Sky Sports presenter and former Newcastle University student tells of assault trauma

Charlie Webster

Charlie Webster

First published in News
Last updated

TELEVISION presenter and former Newcastle University student Charlie Webster has revealed that she was sexually assaulted when she was a teenager.

The 31-year-old, who presents on Sky Sports and Sky Sports News, told BBC Radio 5 Live's Phil Williams the assaults were carried out by her running coach when she was 15.

Ms Webster said she was waiving her right to anonymity to break the taboo about abuse as a whole.

She is about to embark on a 250-mile, seven-day run to raise money and awareness for Womens Aid, a charity which works to end domestic abuse against women and children.

"I got quite close to the running coach because you do," she told the programme.

"You start to trust them when youre a young kid, and he started to take me for a few private sessions because he said I was good and I could do with some extra sessions because that would really help.

"He took me into a private situation where no one else was... and then he abused my trust, and he abused the fact that I was an innocent person who wanted his support and his compassion and his care as my running coach."

The man was later jailed for ten years and put on the sex offenders register for life.

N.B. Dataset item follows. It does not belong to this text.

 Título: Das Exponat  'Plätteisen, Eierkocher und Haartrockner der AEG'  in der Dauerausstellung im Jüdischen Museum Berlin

Ms Webster said he had been a male role model to her, important for a young child, but that he broke the trust of his position by taking it too far.

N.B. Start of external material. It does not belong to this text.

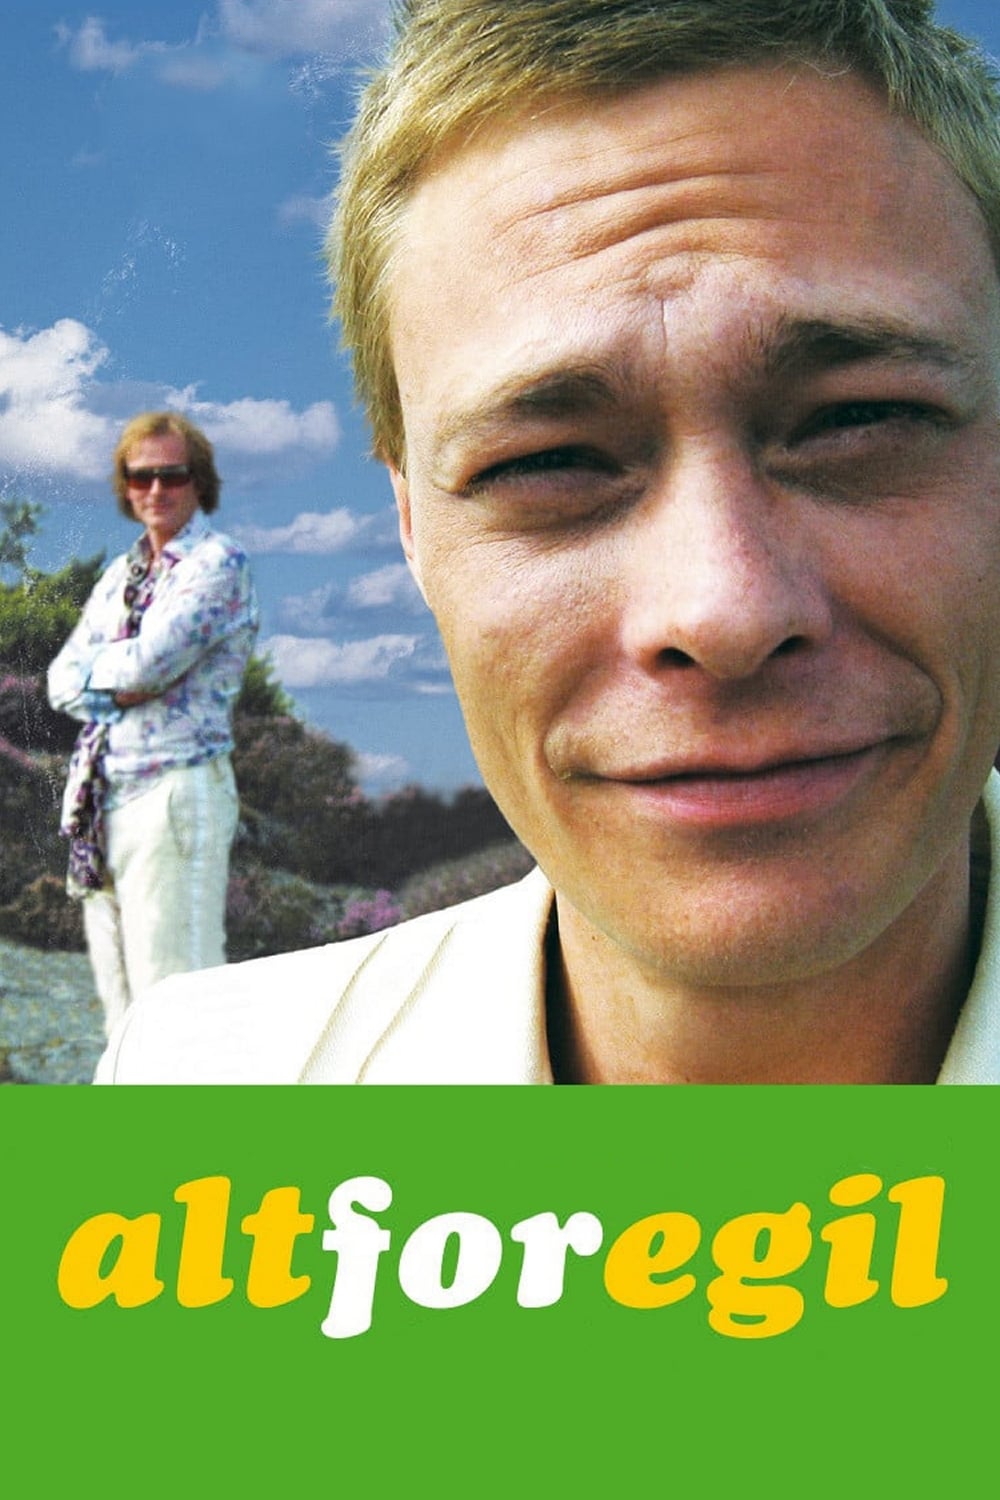 Alt for Egil (2004)

She said: "You should never touch a young girl anyway, but he very, very manipulatively and very slowly sexually assaulted me.

"It doesn't matter how many times, (but) it happened, it happened a couple of times. You don't realise, well I didn't realise it was happening, because you trust that person and that trust is built up."

Ms Webster said she did not tell anyone because she did not know then it was something she could report.

"I didn't understand. I really lacked confidence. I didn't know what he was doing was wrong," she said, adding: "Not one time in my head did I think I'm being sexually assaulted, because if I did, I would have done something about it."

She said that it had been another, younger girl who began to record the abuse and took it to the police.

Ms Webster said that sexual abuse at the time "was one of these taboos, like domestic abuse is now, that wasn't spoken about".

She said: "That's why I'm here (on the radio) as well. It might help someone else bring it to light. I want to break the taboo about abuse as a whole."

Ms Webster starts her 250-mile run on January 26.